To make that easier, it'd require some MultipartSerializer::new(boundary).serialize(params)...

Alternatively, we could look at the FormData API in web browsers. You call append a bunch of times, adding form fields. Is it better for users call req.param("username", "sean").param("password", "pass"), or to be generic over Serialize? I lean towards being generic, as it is the most flexible...

To me it seems we would need a MultipartSerializer with the complexity of serde_urlencoded's serializer which is more than double the lines of code of this pull request in its current state. I do not feel like the payoff is big enough to justify this.

seanmonstar · 2017-07-11T22:34:27Z

Wow, awesome work! I haven't review yet, will dig in in a moment.

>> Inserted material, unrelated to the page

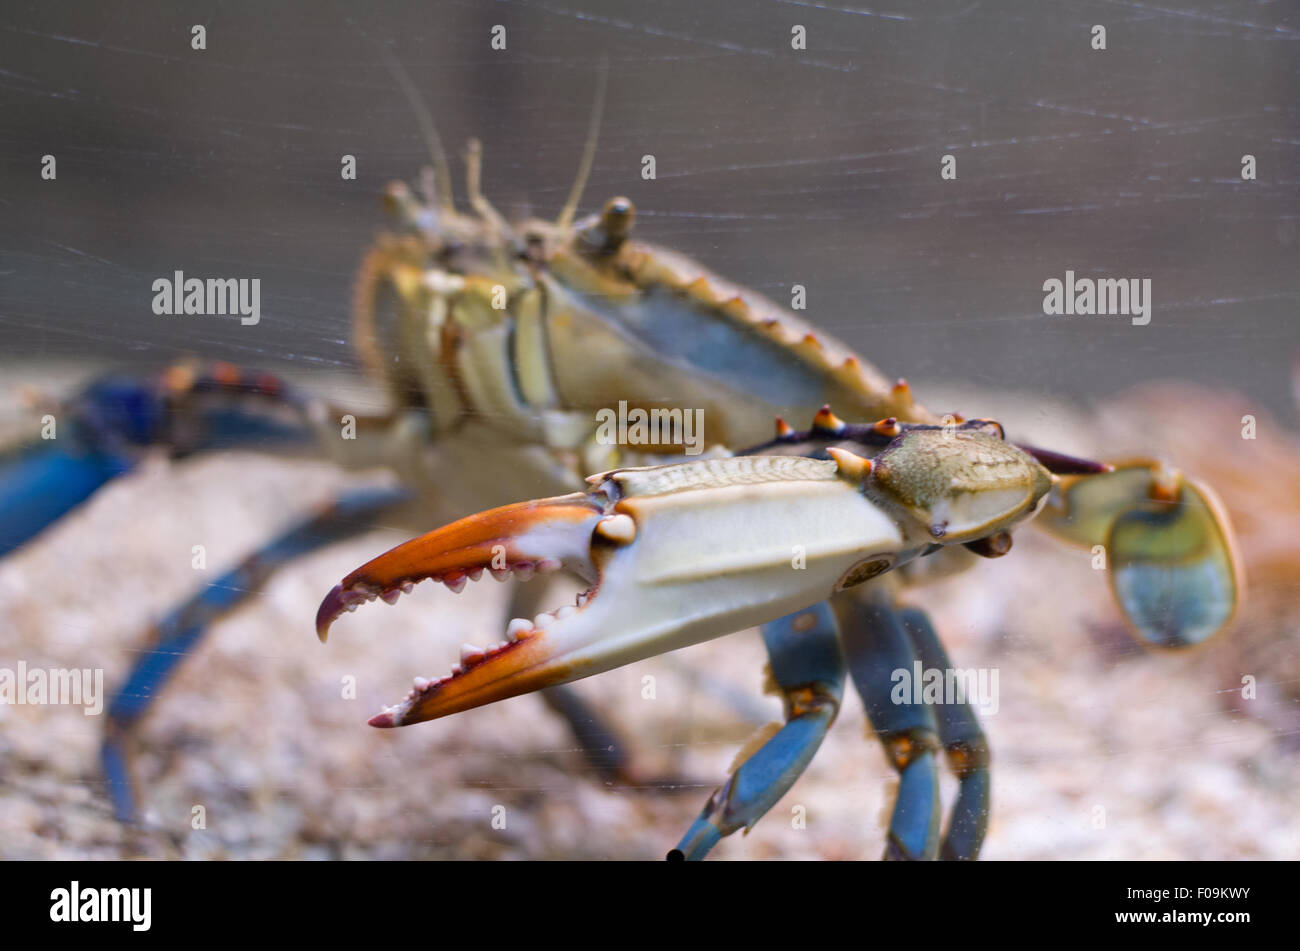 Atlantic Blue Crab mit Orange Zange Seite Closeup und Aquarium Glas zerkratzt Stockfoto

I do not feel like the payoff is big enough to justify this.

I do, but I don't expect you to write it all. I'll see if I can make a serde_multipart crate myself this week.

e00E · 2017-07-12T07:15:27Z

I I think I will try to write it unless you really want to do it yourself. Im itching to write more Rust at the moment and with the urlencoded crate to guide me it should be possible, but it might take longer than if you wrote it.

e00E · 2017-07-12T08:22:17Z

Is it a correct assumption that the point of a multipart serializer is to make it easier to add parameters to a multipart request?
In that case it wouldnt actually serialize into a string or bytes would it, but instead into a MultipartRequest (how I called it in my pull request). Also no deserialization is needed so the code should be simpler than I initially thought.

This allows body::sized to be used when making a multipart request.

e00E · 2017-07-12T10:06:36Z

From the other multipart PR and because it is marked todo in my code.

If the name is not valid UTF-8, the RFC suggests to use percent-encoding of the bytes.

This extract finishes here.